Exercise description: Copy out exactly the stretch below, from the line with "Tickled Pink Chompagne Plush Catnip Toy" through the line with "Mississippi slimy salamander", both included; the pictures stay out.

Available data:
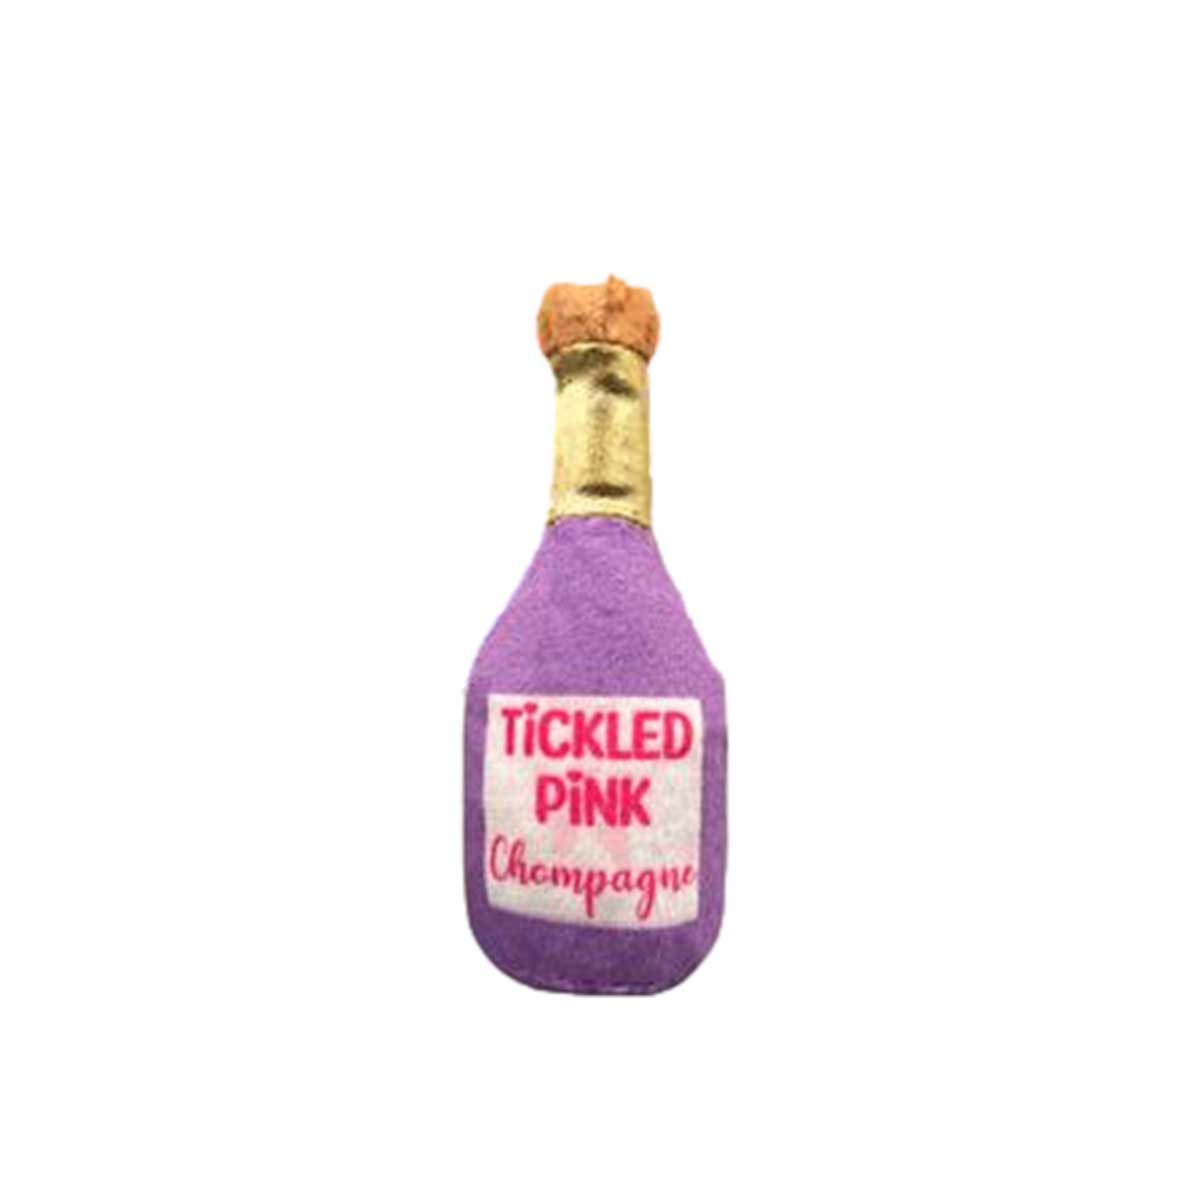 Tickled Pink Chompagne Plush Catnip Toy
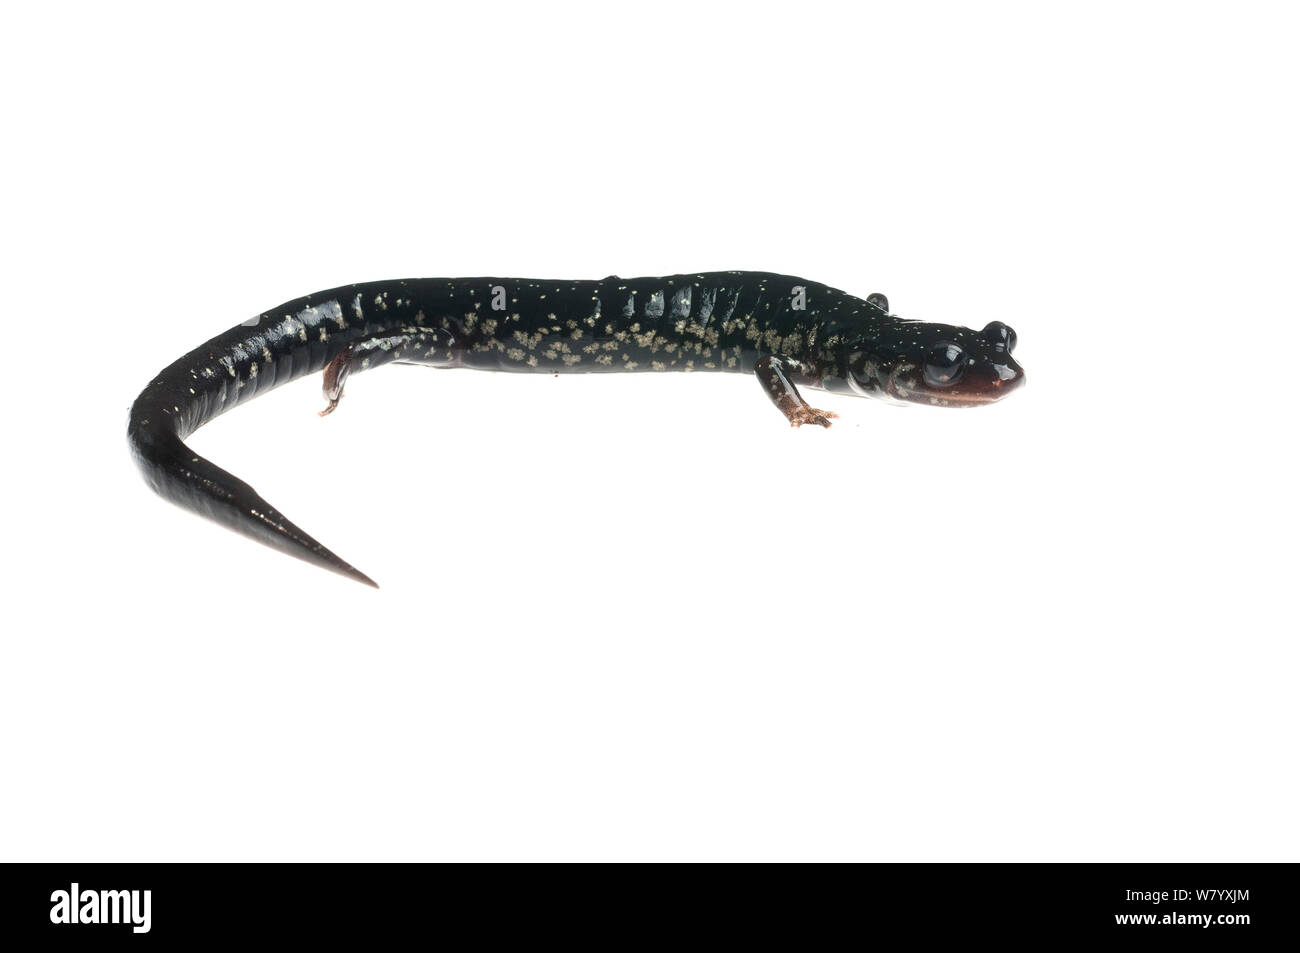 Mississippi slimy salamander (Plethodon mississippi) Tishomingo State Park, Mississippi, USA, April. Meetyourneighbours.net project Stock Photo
* * *
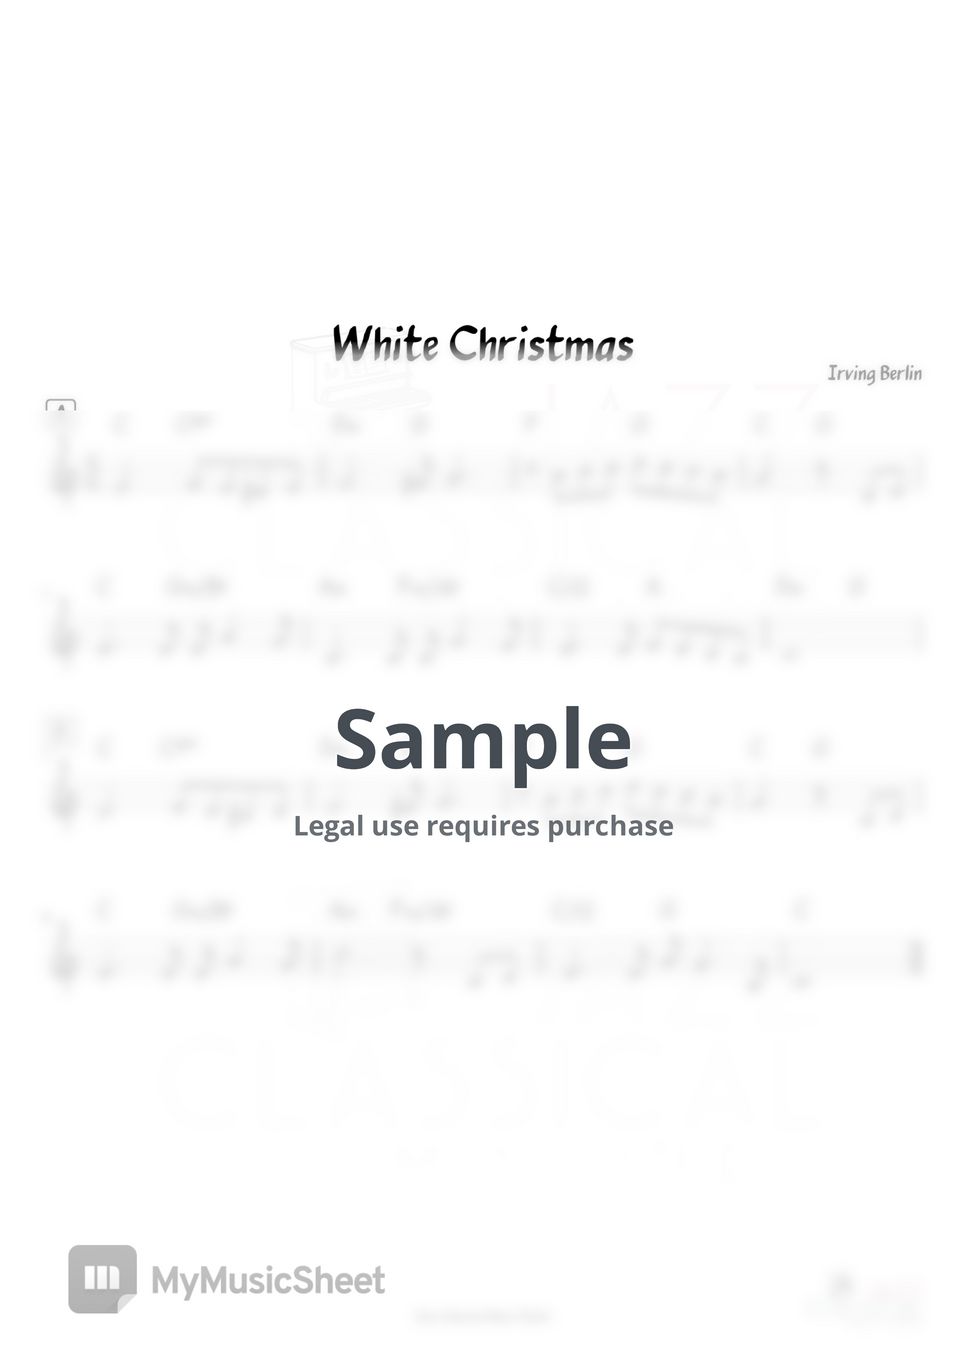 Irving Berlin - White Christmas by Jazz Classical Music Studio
--
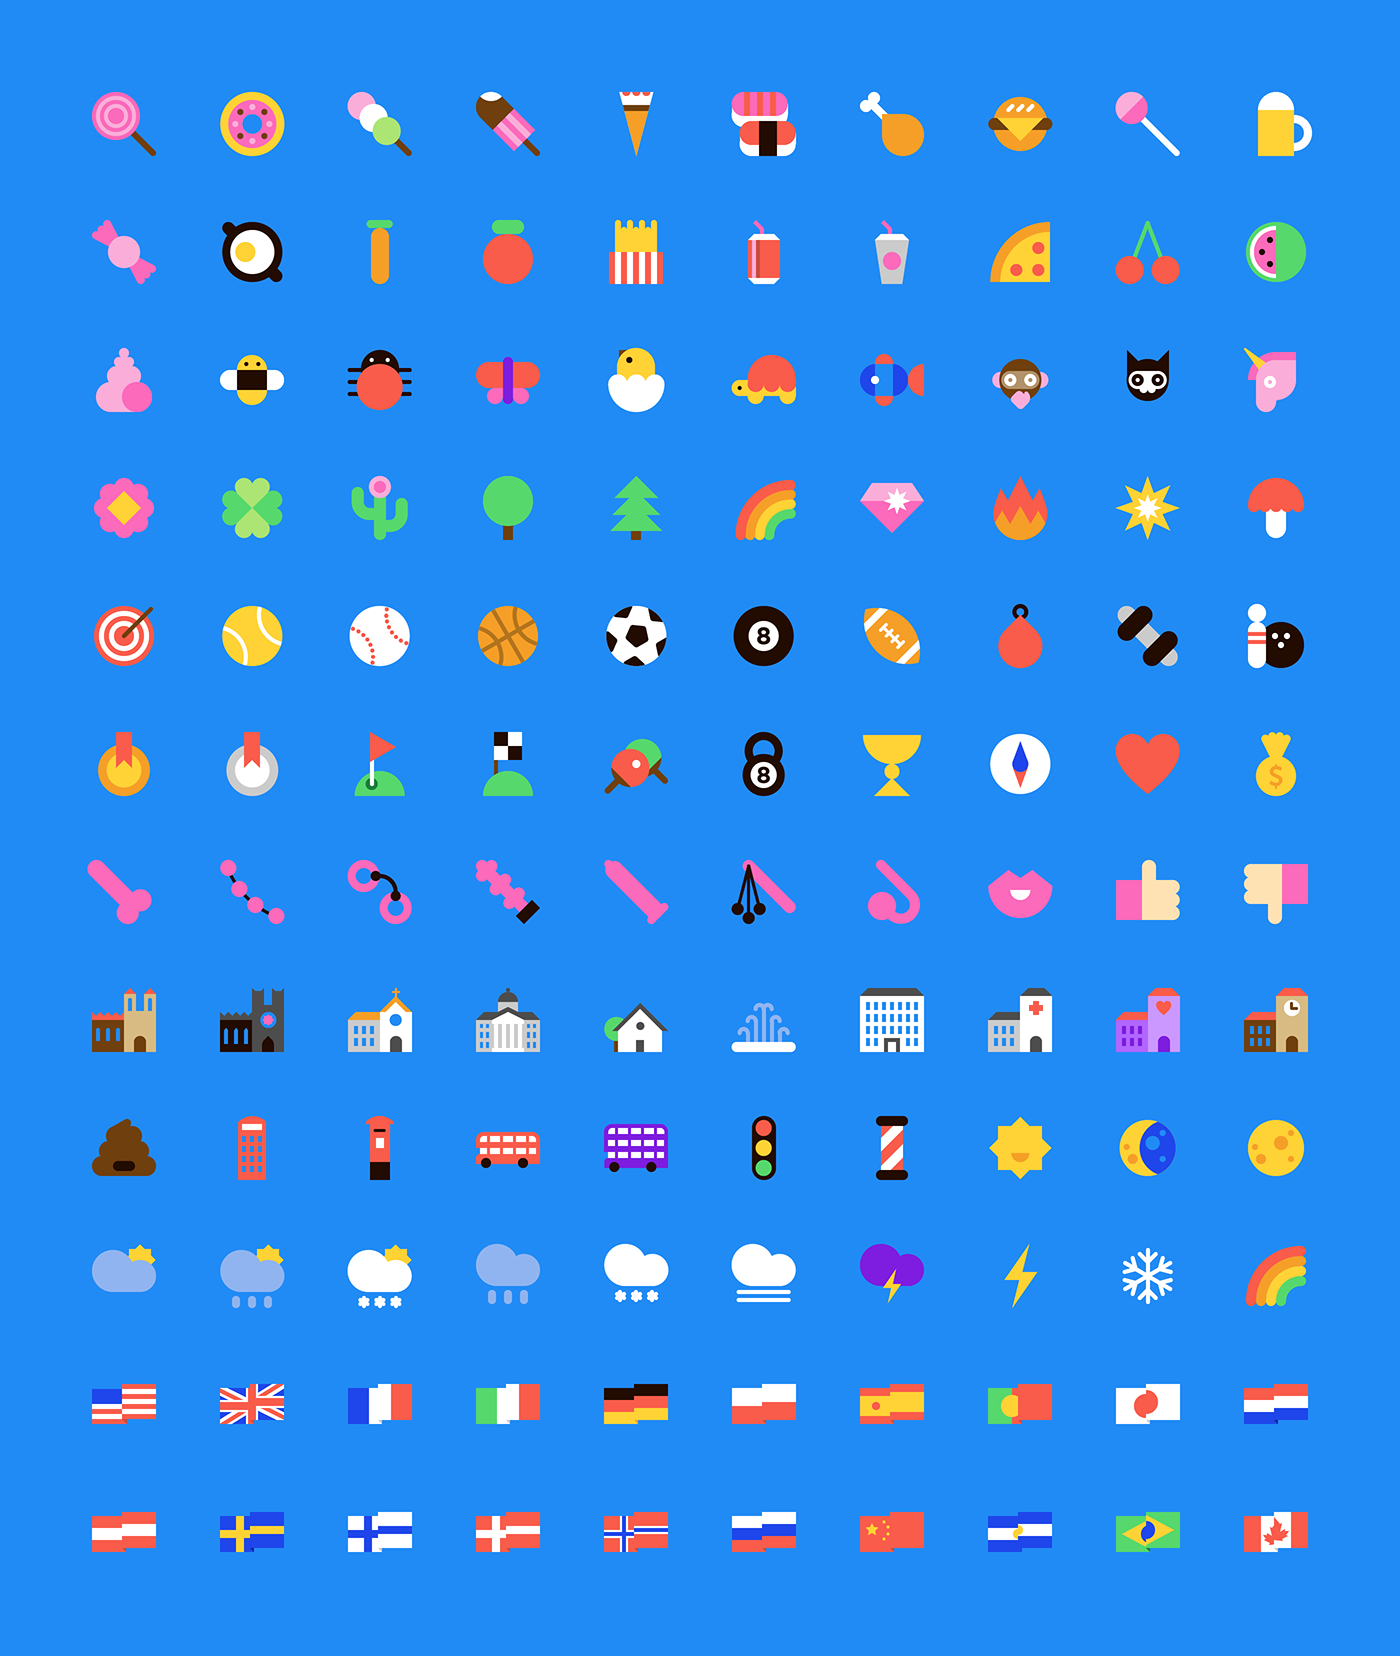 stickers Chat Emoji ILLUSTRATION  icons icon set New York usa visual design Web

Result of this exercise:
 Tickled Pink Chompagne Plush Catnip Toy
 Mississippi slimy salamander (Plethodon mississippi) Tishomingo State Park, Mississippi, USA, April. Meetyourneighbours.net project Stock Photo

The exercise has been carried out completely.